Politics Materials 23 May 2011 18:59
Georgian experts are skeptical about the possibility of a revolution in Georgia.
Experts: No support for revolution in Georgia

Georgia, Tbilisi, May 23 / Trend N.Kirtzkhalia /

Georgian experts are skeptical about the possibility of a revolution in Georgia.
Leader of the People's Assembly Nino Burjanadze announced the start of a new revolution.

Burjanadze expects a "critical mass" to turn out in the series of riots that started on May 21.

The Georgian party's leaders, who joined the People's Assembly, said the revolution will take place on May 25, when the party's leaders ex-Defense Minister Irakli Okruashvili and Russian businessman Cote Gogelia, who were granted political asylum in France, will arrive in
Tbilisi.

Georgian political analyst Mamuka Areshidze said the Georgian society lacks a protest charge, which is required of any revolution. He named the opposition's inability to unite as the main problem.

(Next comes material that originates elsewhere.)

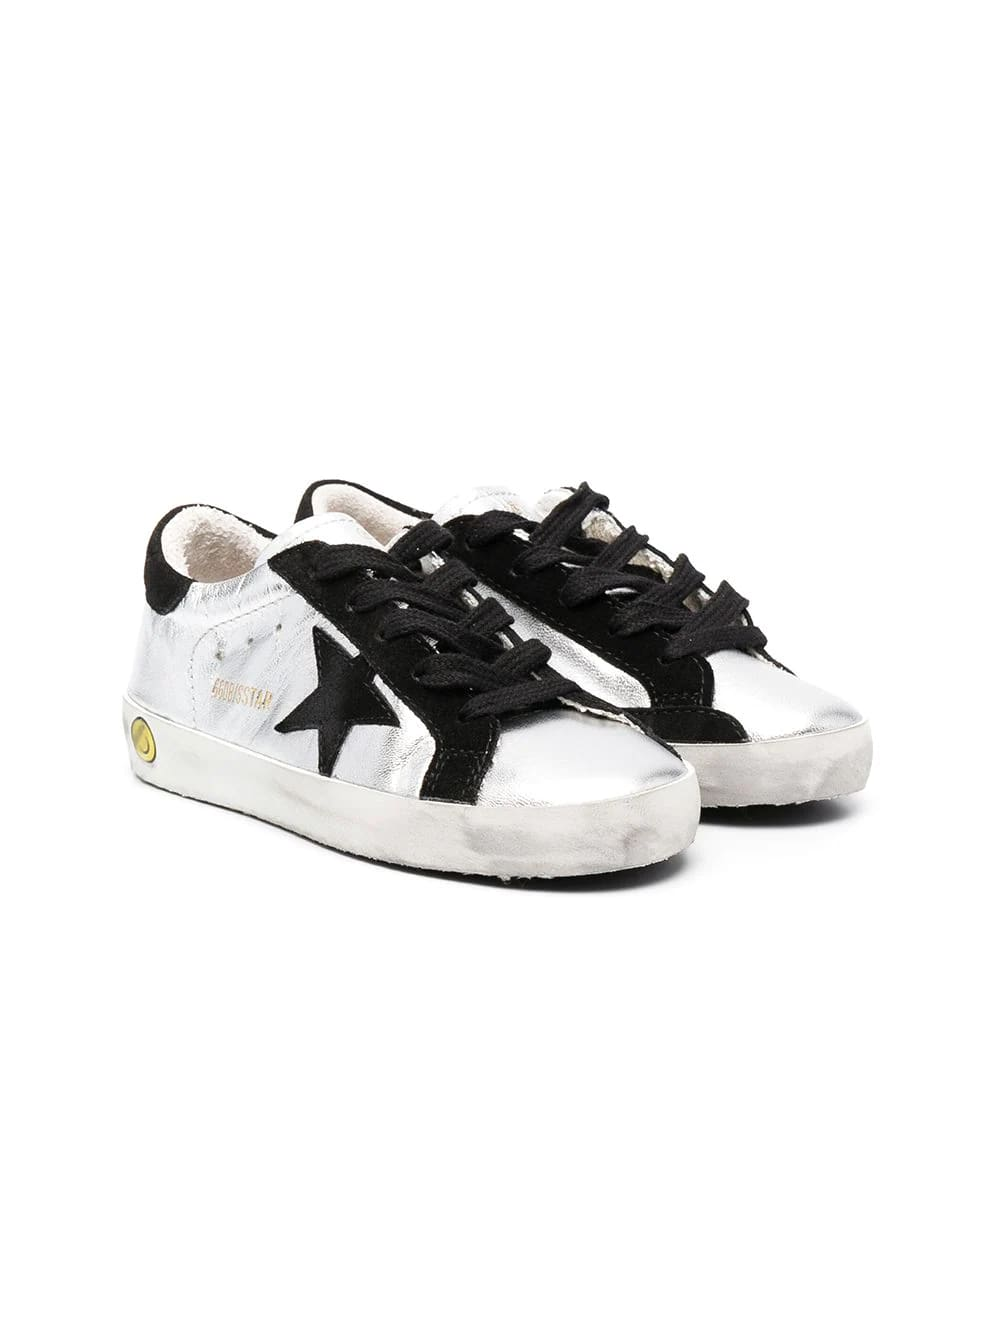 Golden Goose Junior Metallic Silver Super-star Sneakers With Black Suede Details

Areshidze believes the opposition in Georgia lacks a truly charismatic leader. "Once, the opposition has three such leaders as Zviad Gamsakhurdia, Gia Chanturia and Mikheil Saakashvili. Today, the opposition lacks such people and there is a simple answer to why
people do not go out: individuals always feel a leader who can lead them," Areshidze said.

Resonance newspaper Chief Editor Lasha Tugushi believes the opposition leaders calling on people to go out have no program, except the slogan of change of the power.

"Almost no one takes part in the rallies, because the opposition leaders calling on people to go to the street lack program, but only the declared slogan of the seizure of power. In addition, violent
methods of struggle for the power are unacceptable for most Georgian people," Tugushi told the Maestro TV channel.

The population has a low confidence in the opposition leaders, since "too many errors have been admitted.

Expert Nick Chitadze told Trend that the principal objective of the People's Assembly is to bring confusion to Georgia. "The People's Assembly aims to damage Georgia's image and represent our country in a precarious state. That's why they go to the provocation, so that the foreign media got footage, in which the authorities disperse an opposition rally. The Russian media also assist by spreading materials that suits them. But, given that people do not support the People's
Assembly, I think that its rallies will cause only a backlash among the population," he said.

Regarding Okruashvili's possible arrival, Chitadze considers it a "political stunt", and is sure that Okruashvili is not going to come home.

Georgian Strategy and International Affairs Fund Chief Alexander Rondeli believes the opposition is trying to organize the unrest in the country.

"But most people do not support the rallies, if people wanted rallies," he said.

He said the opposition has virtually no chance to achieve any concrete result.

Expert Soso Tsintsadze said the Georgian society is not an advocate of radical action, so the protest will have no result. "The opposition leaders, who began the protest, expected many more people, but their hopes were dashed.

He stressed that the opposition, which went on the street, presumably, will try to resort to possible drastic measures on May 26 and disrupt the military parade, though authorities would not allow.

A number of liberal opposition parties, including the Christian Democratic Movement and the New Right, had already advised the authorities to cancel the parade to avoid escalation.